À Seulement 23 ans, Sarah Boukit dispute déjà sa quatrième compétition internationale majeure. La sociétaire de Metz HB est ambitieuse et vise de continuer à performer sur le poste, richement doté, de pivot.
Encore jeune et déjà expérimentée. Comment te positionnes-tu dans le groupe aujourd’hui ?
C’est difficile à définir. J’ai vécu plusieurs compétitions, mais de manière très différente. Au Mondial 2023, j’ai eu beaucoup de temps de jeu et de responsabilités. Ensuite, c’était moins le cas. À l’Euro, un peu plus, mais aux Jeux, je n’ai quasiment pas joué. Donc oui, c’est compliqué de savoir où me situer. J’ai aussi engrangé de l’expérience en club avec la Ligue des Champions, ce qui peut me donner un statut dans l’équipe. Mais je reste jeune et il faut que j’assume : c’est moi qui ai voulu commencer tôt et j’ai travaillé pour ça. J’espère surtout qu’on me fait confiance, et je serai là pour répondre aux responsabilités qu’on me donne.
Avec Pauletta Foppa et Oriane Ondono, vous êtes trois pivots performantes. Comment gères-tu cette concurrence ?

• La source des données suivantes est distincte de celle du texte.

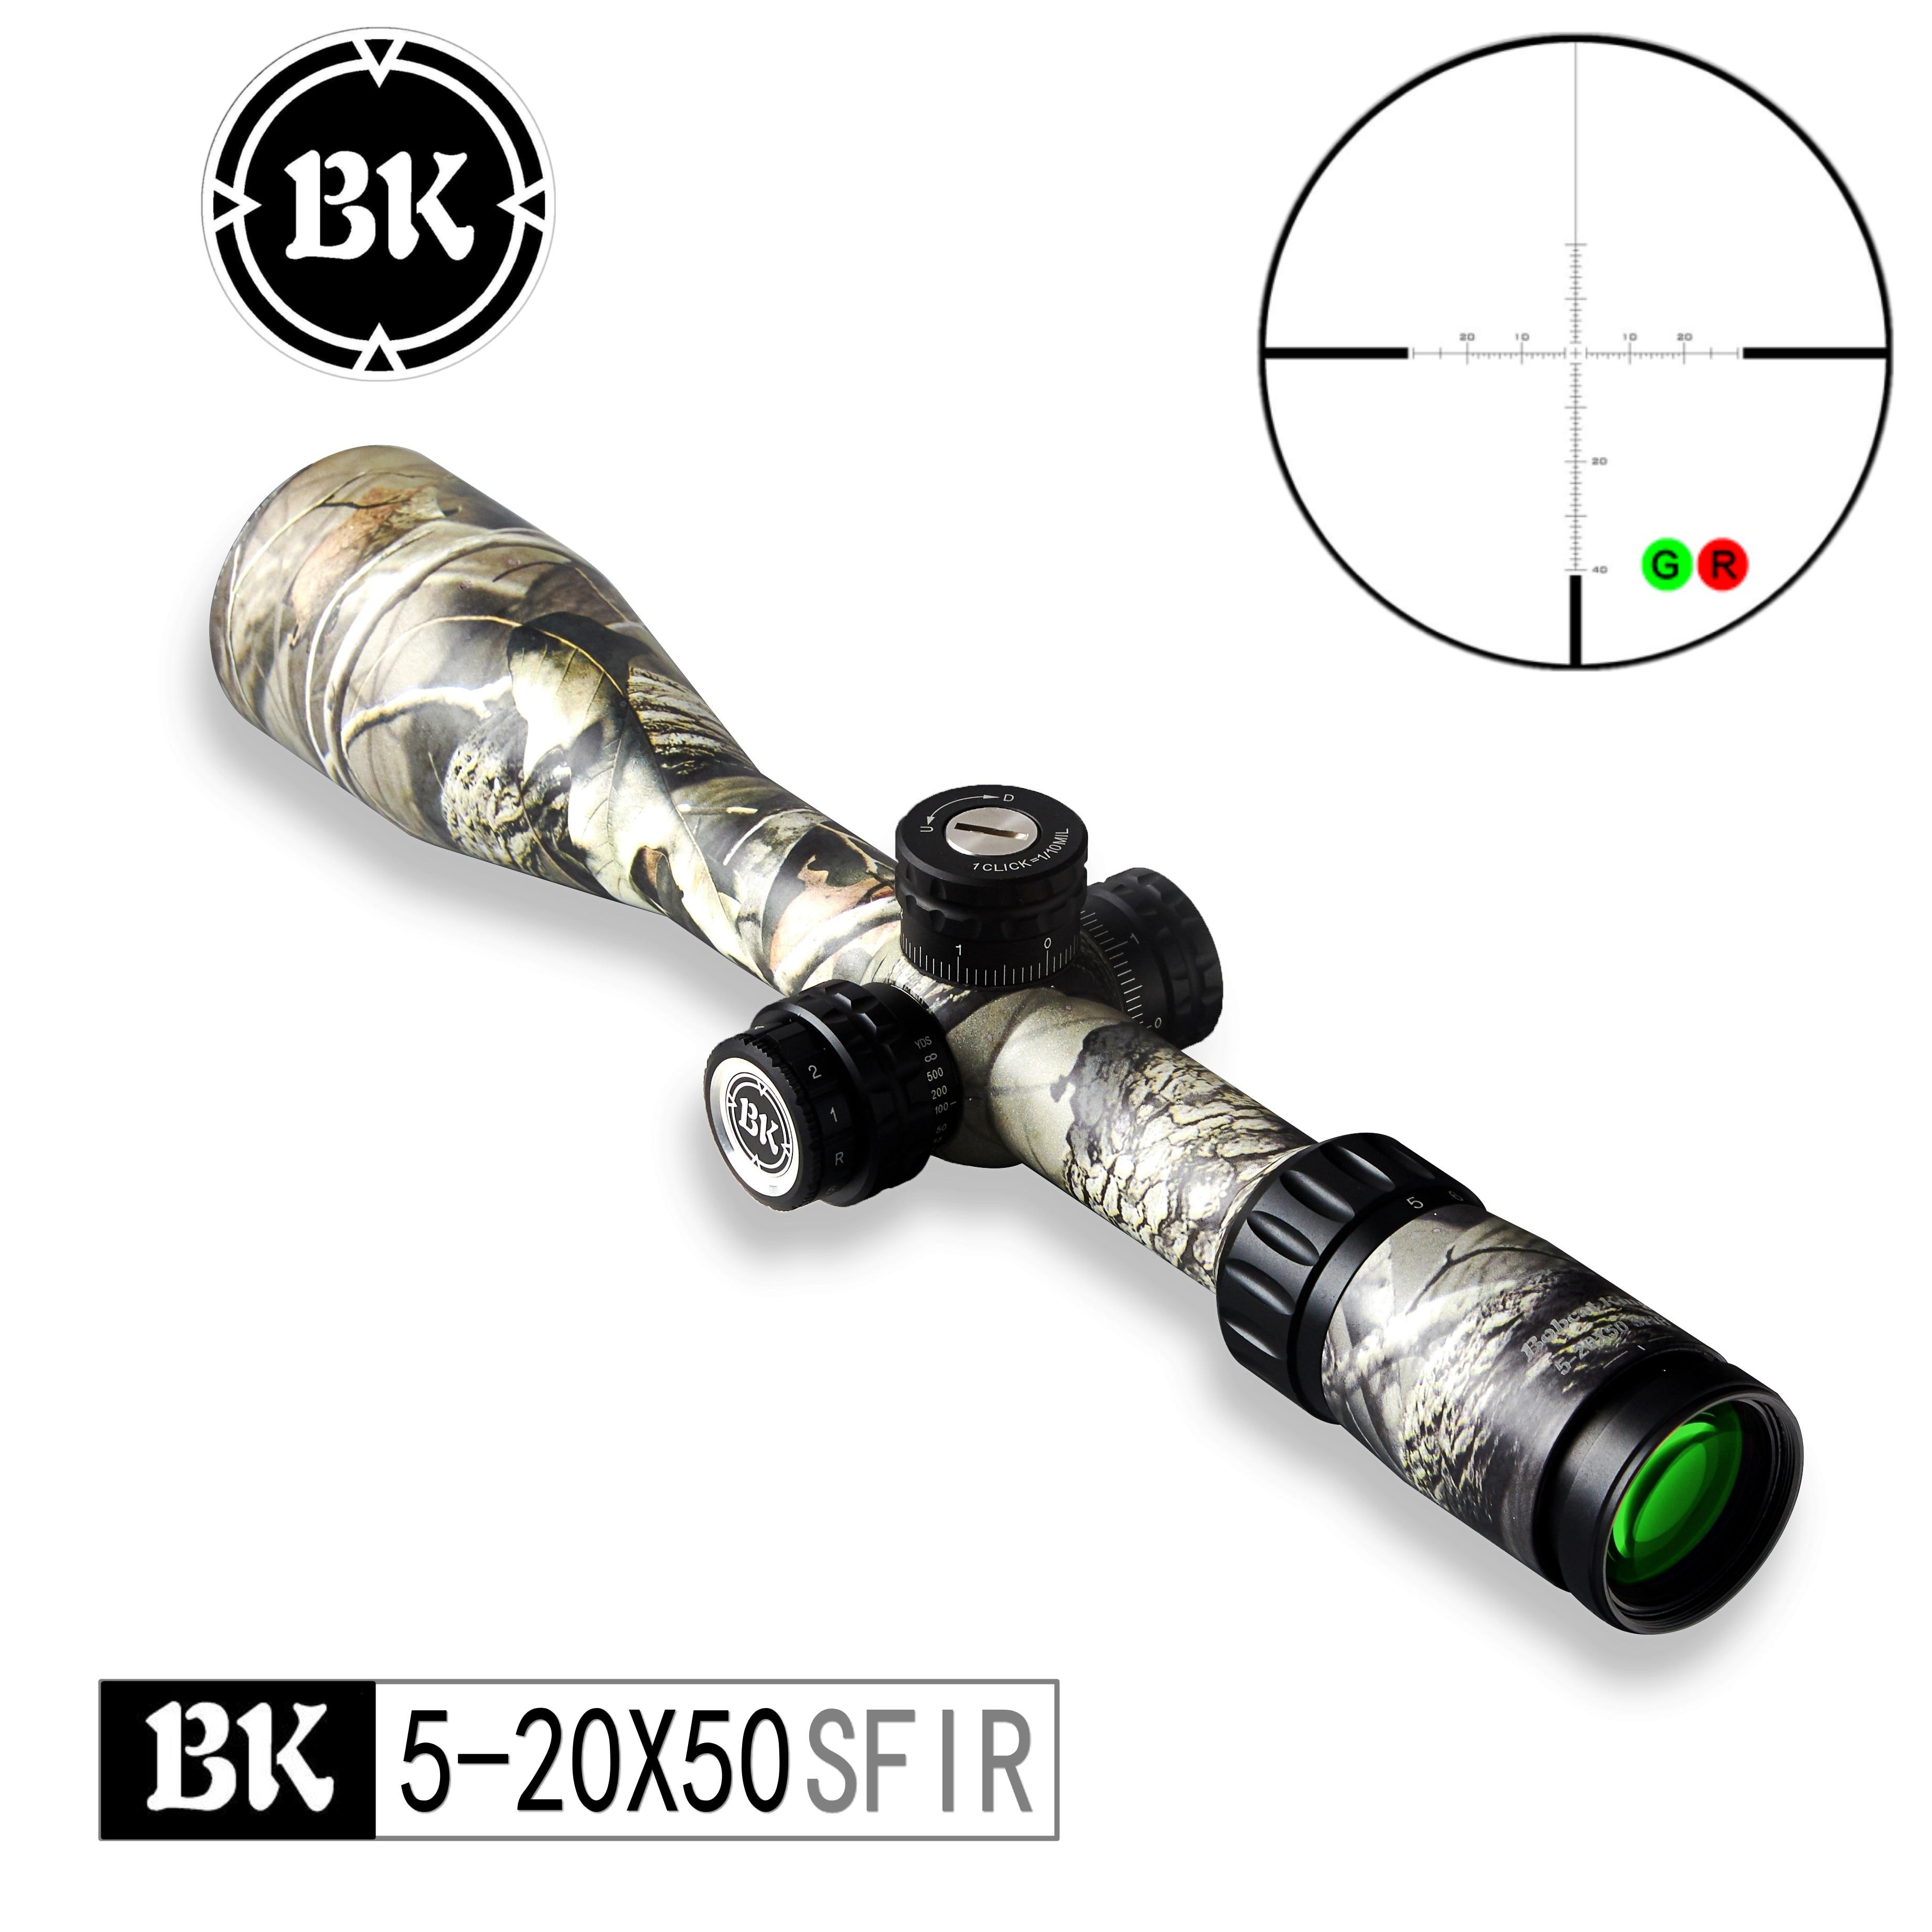 Mira óptica Bobcat King BK 5-20X50 SFIR, rifle de caza con apariencia de camuflaje, mira óptica táctica, rifle de caza, mira telescópica UNIKIT FTTH ESC250D SC APC /UPC fibra óptica monomodo nuevo modelo conector rápido óptico

Franchement, c’est une concurrence saine. On est vraiment là les unes pour les autres. Si j’ai des difficultés, je peux m’appuyer sur elles, et inversement. On performe toutes les trois et pour l’instant, le temps de jeu est bien partagé. Et c’est important : personne ne peut jouer une heure par match pendant toute une compétition, c’est trop dur. On l’a vu à l’Euro : à la fin, certaines étaient vraiment usées. Et puis on défend souvent à deux pivots, donc la concurrence aurait pu être plus rude si on jouait strictement une par une. Là, on est même complémentaires. On a des profils différents et le staff nous utilisera selon les adversaires. Moi, j’aime cette concurrence, et défendre avec les autres pivots. On a une connexion, on voit les choses de façon assez similaire, c’est agréable.
Tu as aussi une vraie corde supplémentaire : les jets de 7 mètres. C’est important pour toi ?

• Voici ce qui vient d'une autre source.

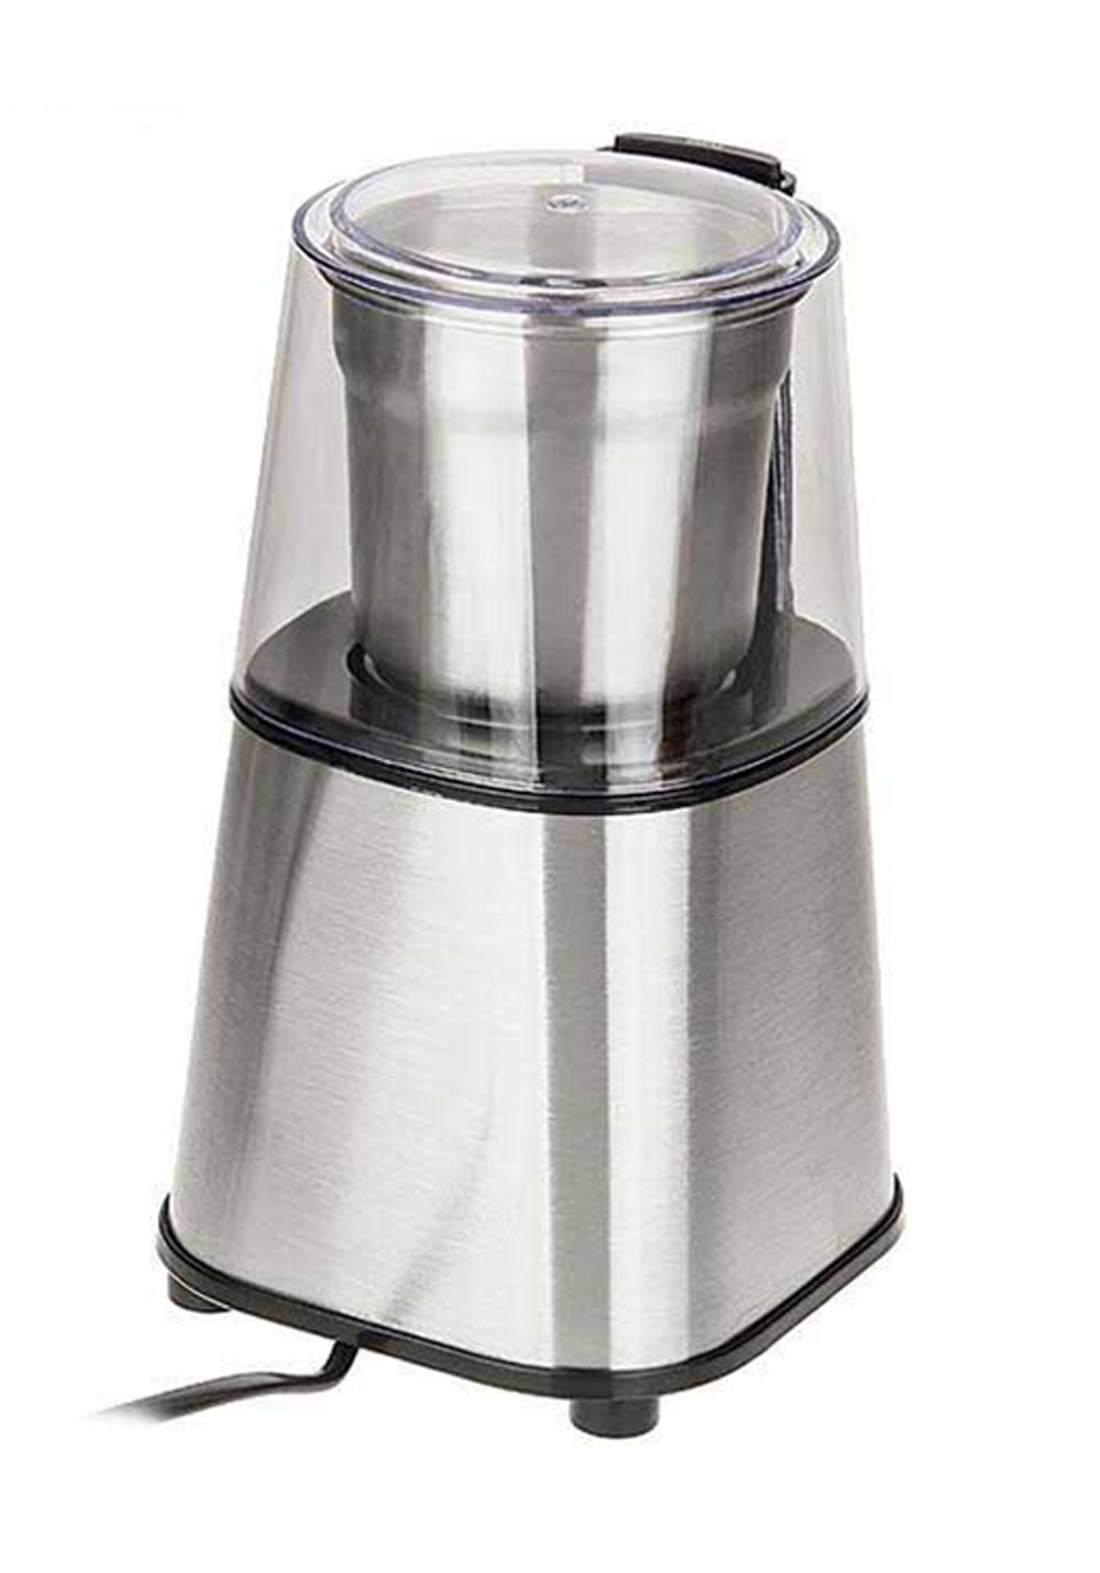 Delmonti  DL 125 Grinder مطحنة قهوة

Je suis quelqu’un qui adore marquer, qui préfère l’attaque à tout le reste. Le tir, j’aime trop ça. Je travaille beaucoup ce secteur : des nouveaux tirs, même des trucs un peu créatifs. Je suis contente que Seb me fasse confiance sur les 7 mètres. À moi de prouver qu’il a raison et de les mettre. Pour l’instant, ça se passe bien.